Dear Everybody:

The big news today is LOTS of new revelations on the Epstein front:

--The Democrats on the Oversight Committee have been going over the 20,000 pieces of info released by the Epstein estate and released more photos today.

--Three show Trump, one with Epstein, one with a young girl, and one surrounded by at least 5 young girls (I say they’re girls because their faces have been redacted.

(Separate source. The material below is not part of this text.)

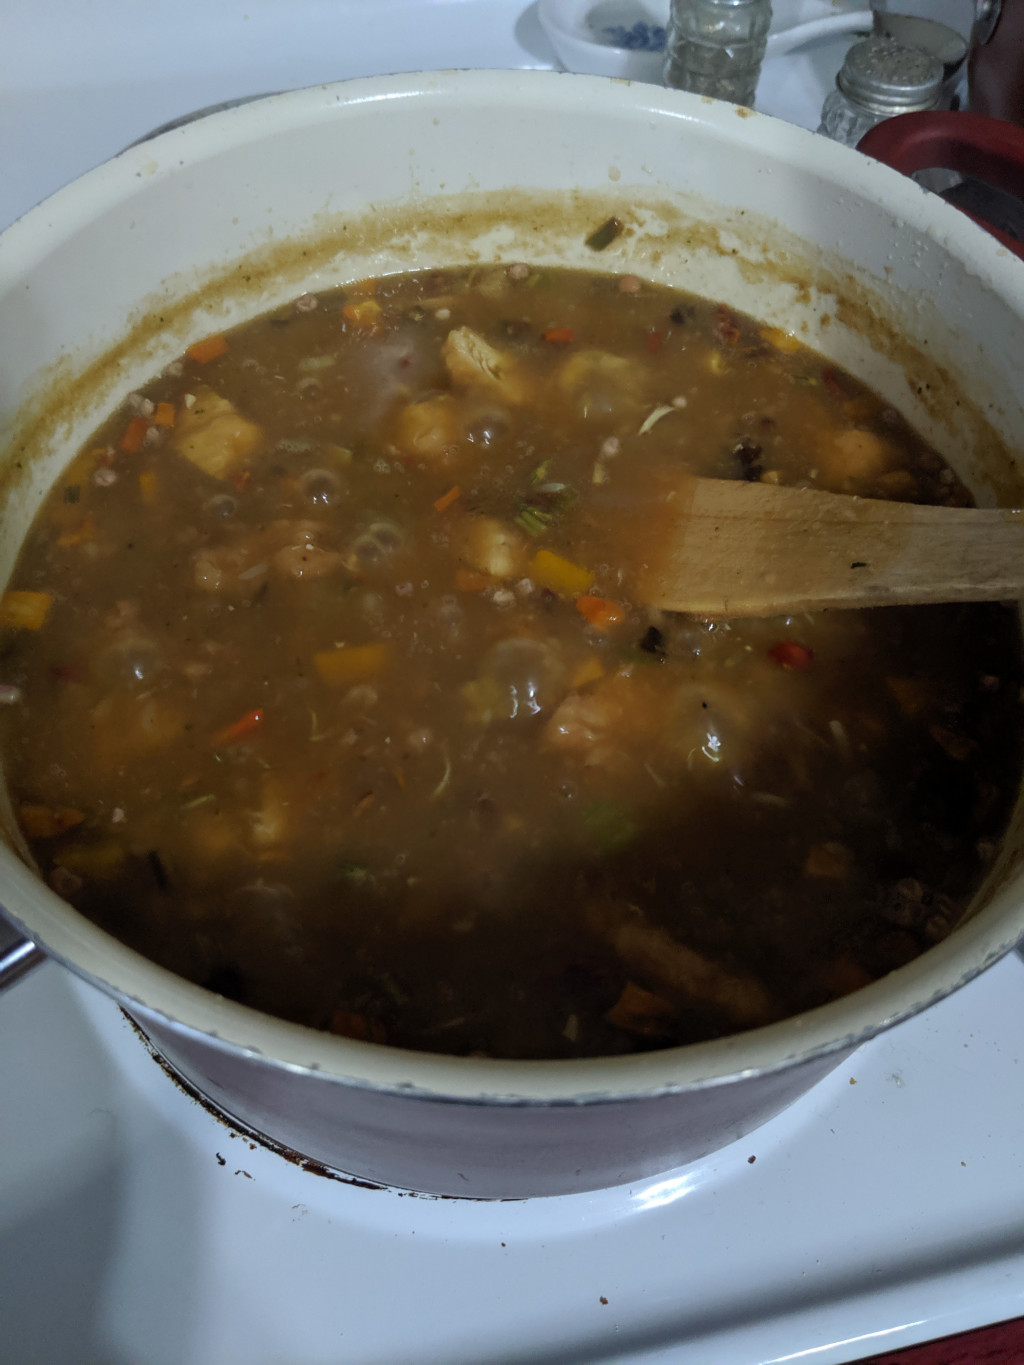 Download Gumbo Soup Mix With Leftover Chicken | HubPages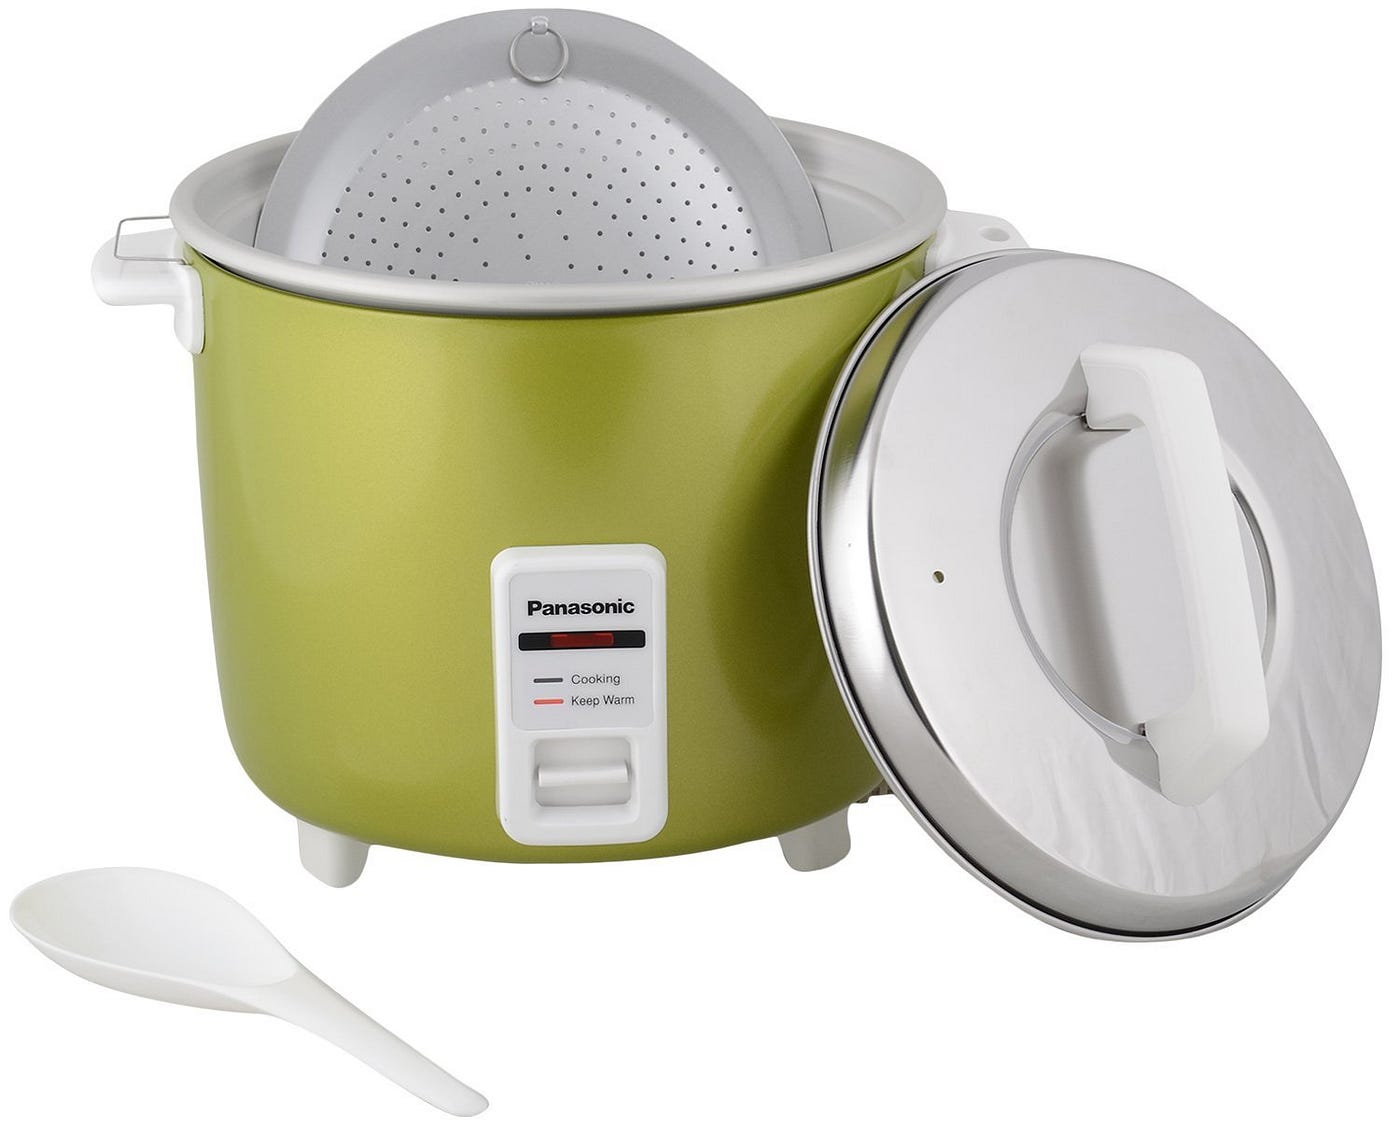 Regal Electric Rice Cooker, 3 Liters Ceramic Inner Bowl Cooks Up to 600 Gms

There’s one young woman in one of the photos whose face is not redacted, so I assume she’s not underage, and the rest of them are.)

--Other photos show Bill Gates and Richard Branson with Epstein, Bill Clinton with Epstein, Maxwell, and another couple; Larry Summers (who’s also appeared in email exchanges with Epstein) and Alan Dershowitz (who admits to having a massage, but says he kept his underpants on); two of Epstein hanging out with Woody Allen which definitely make it harder to believe his protests of innocence as regards having molested his five-year-old stepdaughter; one of them with Larry Summers on Epstein’s private plane, the "Lolita Express"; several with Steve Bannon; Bill Gates (whose wife divorced him after finding out his connections with Epstein) and the pilot of Epstein’s private plane; and one with Richard Branson and Prince Andrew (whose connections with Epstein made him lose his royal status.)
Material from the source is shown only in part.